Read a detailed explanation about Big – O here: The Big O notation
Sorted Data To The Rescue:
What if our data is ordered? Remember we spoke about sorting in an earlier section. If our numbers are in ascending or descending order, there are much better options for searching than a linear search. We can use binary search.(divide the array, look in which part the no we’re searching lies)
But, still, another problem crops up.
Our searching of element got easier but our sorting is computationally intensive. If the data is in tens of thousands in number, it could be extremely demanding. Just to improve our searching performance, we can’t add an additional overhead of sorting to our operation. It will lead to degradation of our performance.
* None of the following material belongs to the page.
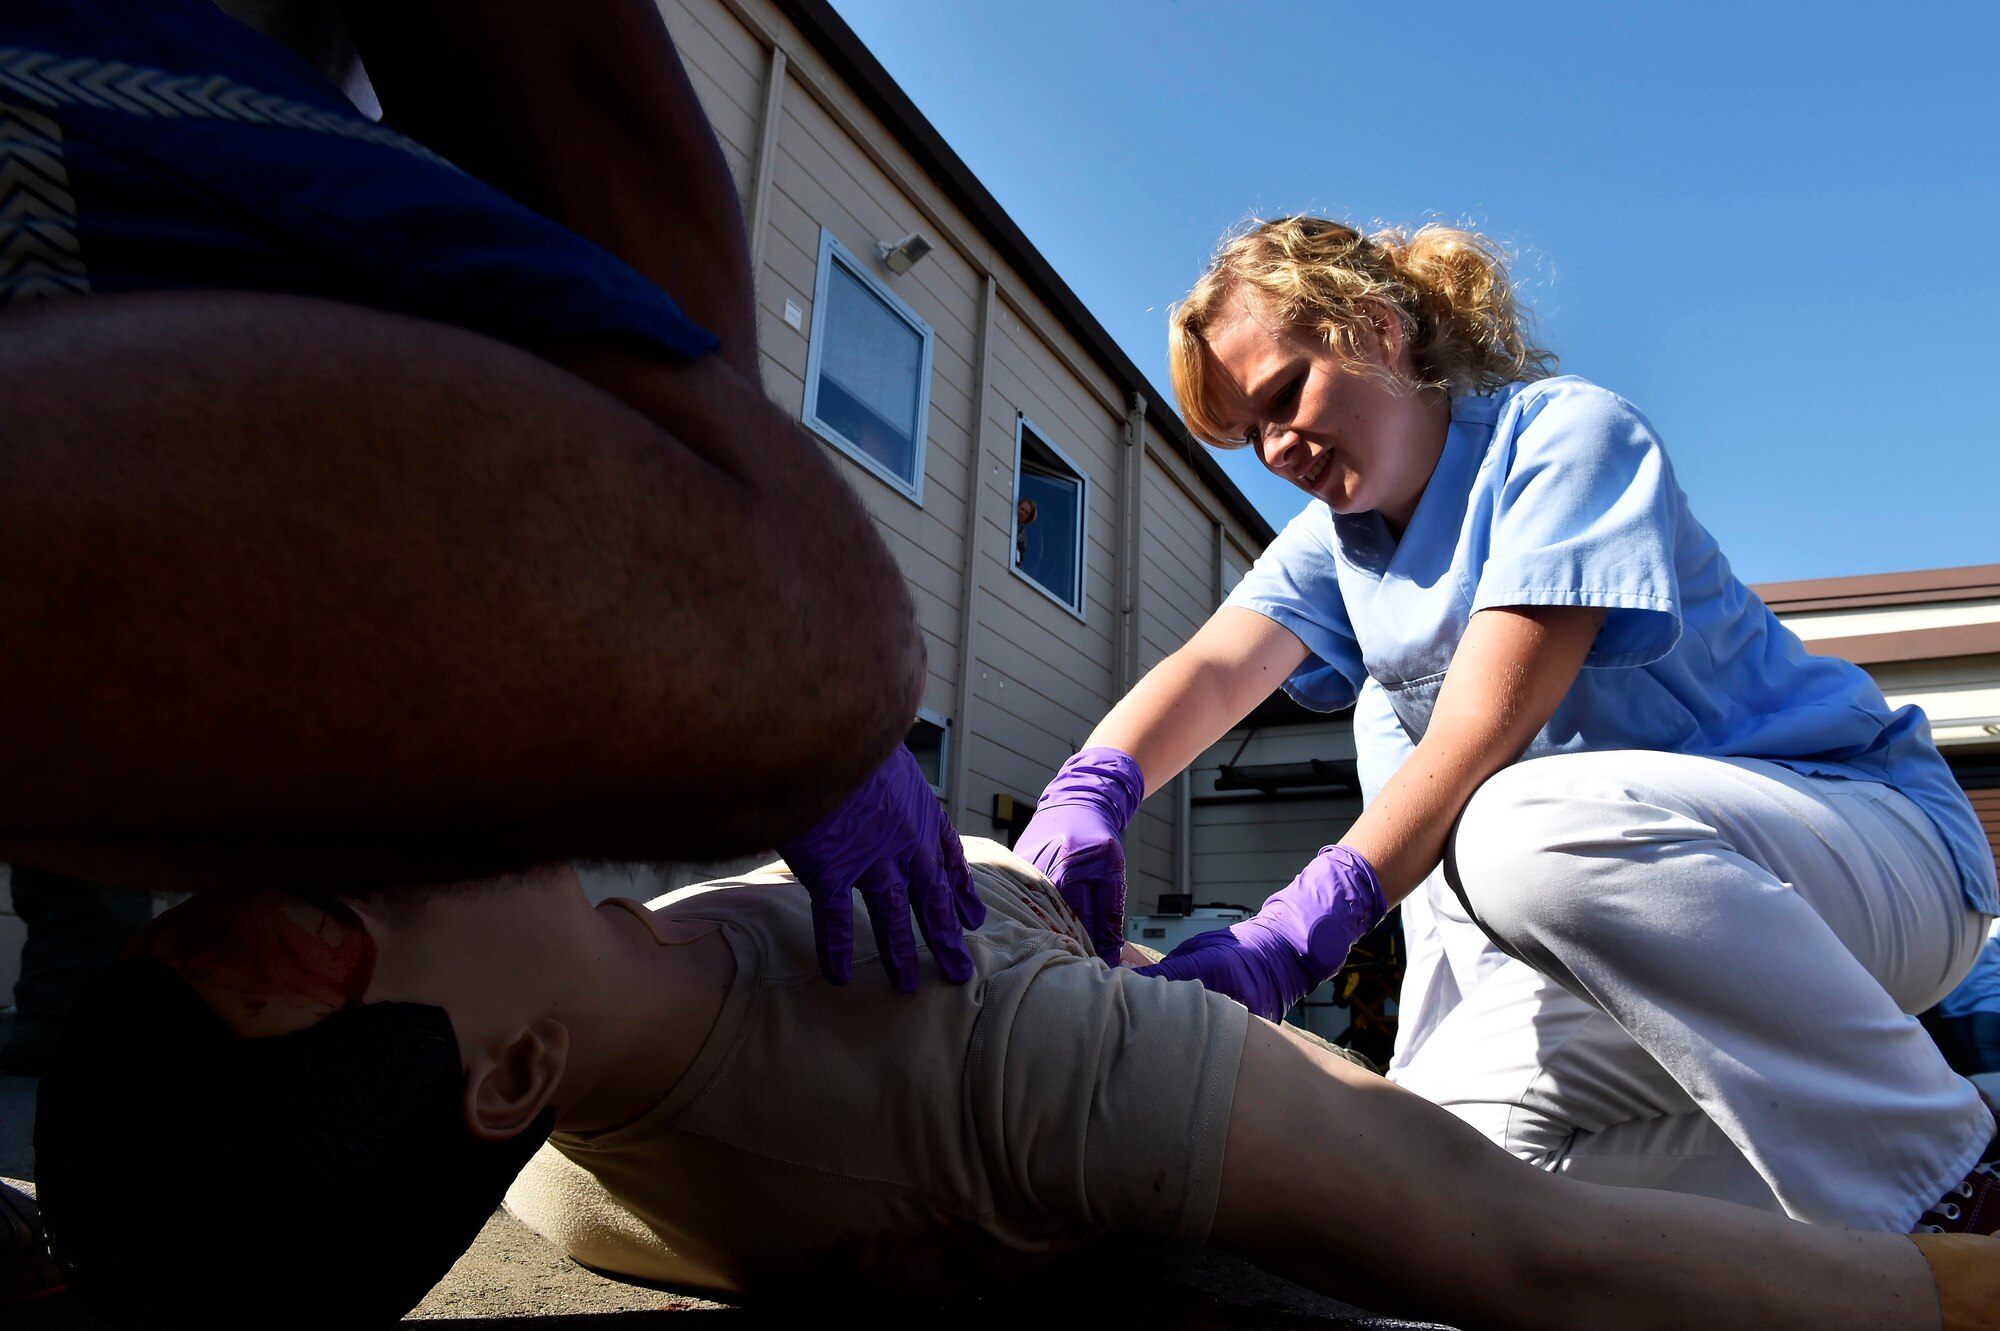 A nursing student from Caritas SchulZentrum St. Hildegard, Saarbrücken, Germany, works with 86th Aeromedical Evacuation Squadron medics in a simulated mass casualty scenario at Ramstein Air Base, Germany, Sept. 13, 2016. The scenario included five simulated casualties who needed treatment ranging from a broken femur to severed limbs. (U.S. Air Force photo by Senior Airman Jonathan Bass)

Something we just can’t allow to happen.
So, what do we do now?
Here’s a thing with data structures. You just cannot have any data structure that is a superhero in all the operations it performs. Or is consistently good in all the real-world situations.
Array, a beast in itself, can perform all the operations one expects from a data structure.
Just not efficiently.
This lead to the creation of multiple data structures. If you read the introductory article of the series, this is something I had mentioned earlier. It is simply impossible to rank or label data structures. Every data structure, like our superheroes, has their own strength and weakness. Something, we aim to cover in great depth by answering all Wh questions regarding them by looking at different real-world examples.